When you call put(key, value), you hash the key to find the bucket, then walk the linked list in that bucket. If the key already exists, you update its value. If not, you append a new node. get(key) follows the same path — hash to find the bucket, then search the list for the key. remove(key) hashes to the bucket and deletes the matching node from the list.

With a good bucket count and a uniform hash function, each bucket holds very few entries on average. If you have n keys spread across b buckets, the average chain length is n/b. With 10^4 keys and 997 buckets, that is roughly 10 entries per bucket — still nearly O(1) per operation. This is the load factor concept that determines hash table performance.

Start by defining a simple linked list node that stores a key, a value, and a pointer to the next node. Then create your HashMap class with an array of dummy head nodes — one per bucket. Dummy heads simplify insertion and deletion because you never need to handle the special case of modifying the head of the list itself.

For put(key, value), compute the bucket index as key % size. Walk the linked list starting from the dummy head. If you find a node with a matching key, update its value and return. If you reach the end without finding the key, create a new node and attach it right after the dummy head — prepending is O(1) and keeps the code simple.

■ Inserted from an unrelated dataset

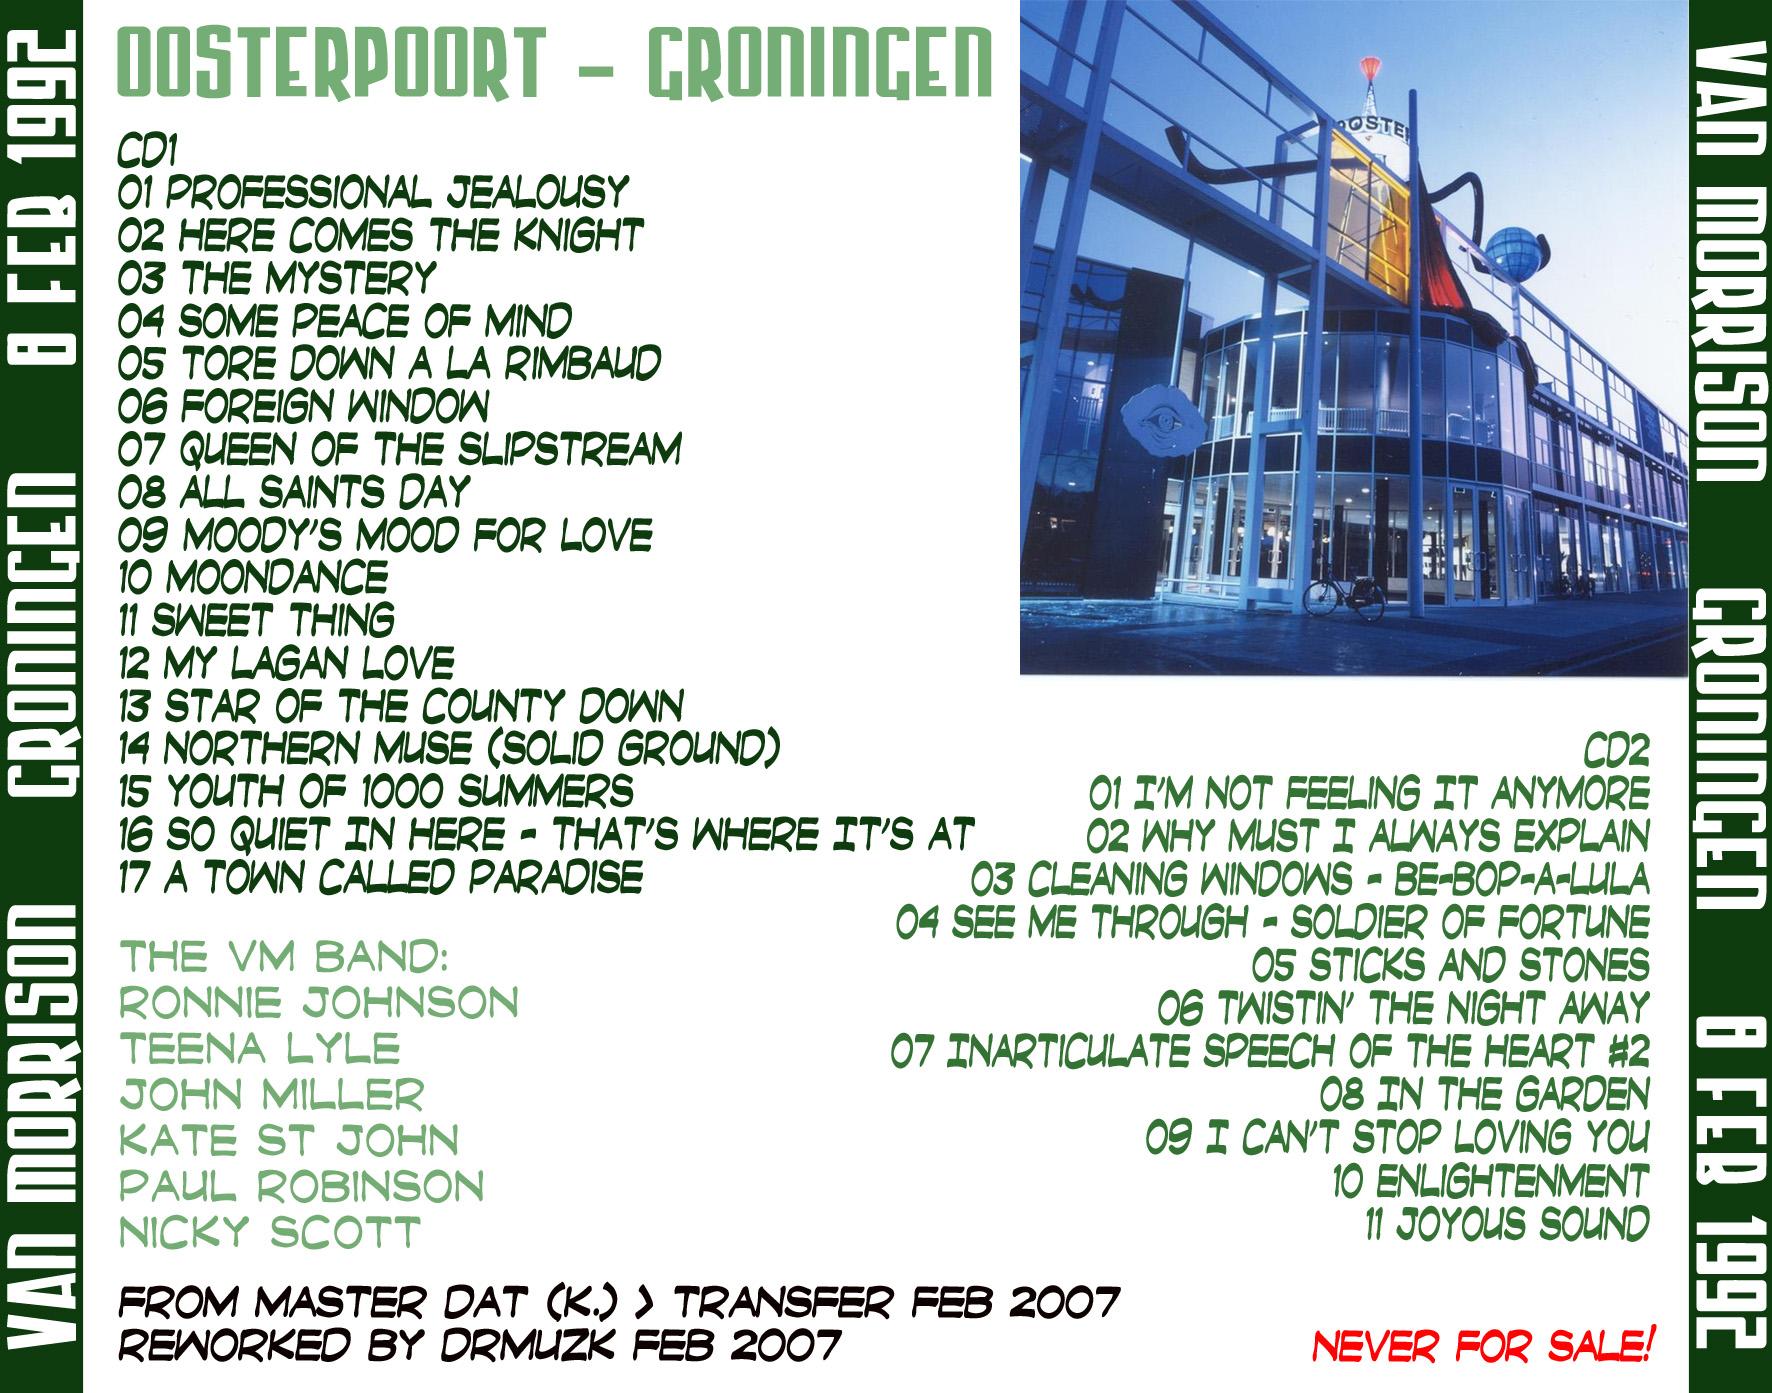 VanMorrison1992-02-08OosterpoortGroningenHolland2.jpg

For get(key), compute the same bucket index and walk the chain. If you find the key, return its value. If you exhaust the list, return -1. For remove(key), walk the chain while tracking the previous node. When you find the matching key, set prev.next = curr.next to unlink the node from the chain.

The entire implementation fits in about 30 lines of code. The hash function is a single modulo operation, the linked list operations are textbook insert-search-delete, and the bucket array is just a standard array initialization. Clean, readable, and exactly what interviewers want to see.

The most common mistake is forgetting to handle key updates. When put(key, value) is called with a key that already exists, you must update the existing value rather than inserting a duplicate node. If you skip this check, subsequent get calls may return stale values and remove may only delete one of the duplicates.

Removing a non-existent key should be a no-op — do not throw an error or corrupt the list. Similarly, calling get on an empty map or on a key that was never inserted should return -1 cleanly. These are the edge cases that interviewers watch for because they reveal whether you handle boundary conditions carefully.

Heavy collisions are another edge case to consider. If many keys hash to the same bucket, the linked list in that bucket grows long and operations degrade toward O(n). This is why the choice of bucket count matters — a prime number reduces clustering. In an interview, mentioning load factor and dynamic resizing (rehashing) shows deeper understanding even if the problem does not require it.

Building a hash map from scratch solidifies three foundational concepts that appear across dozens of LeetCode problems. First, the hash function — the idea that you can map a large key space to a small index space using modulo arithmetic. This same concept powers solutions to problems like Group Anagrams (#49) and Subarray Sum Equals K (#560) where hash-based lookups transform brute force into optimal time.

Second, collision handling via chaining teaches you how linked lists work in practice. Traversing a chain to find, update, or delete a node is the same skill you need for problems like LRU Cache (#146) and Remove Nth Node From End (#19). The mechanics of pointer manipulation become second nature once you have built a chaining hash map.

Third, the load factor concept — the ratio of stored keys to bucket count — gives you intuition about when hash-based solutions are truly O(1) versus when they degrade. This understanding is critical for system design interviews where you need to reason about hash table performance at scale, and it directly connects to problems involving hash set design and frequency counting.

Design HashMap is a foundation problem. Master it once with YeetCode flashcards, and the pattern recognition carries forward into every hash-based problem you encounter. The internals stop being a mystery and start being a tool you can reason about confidently.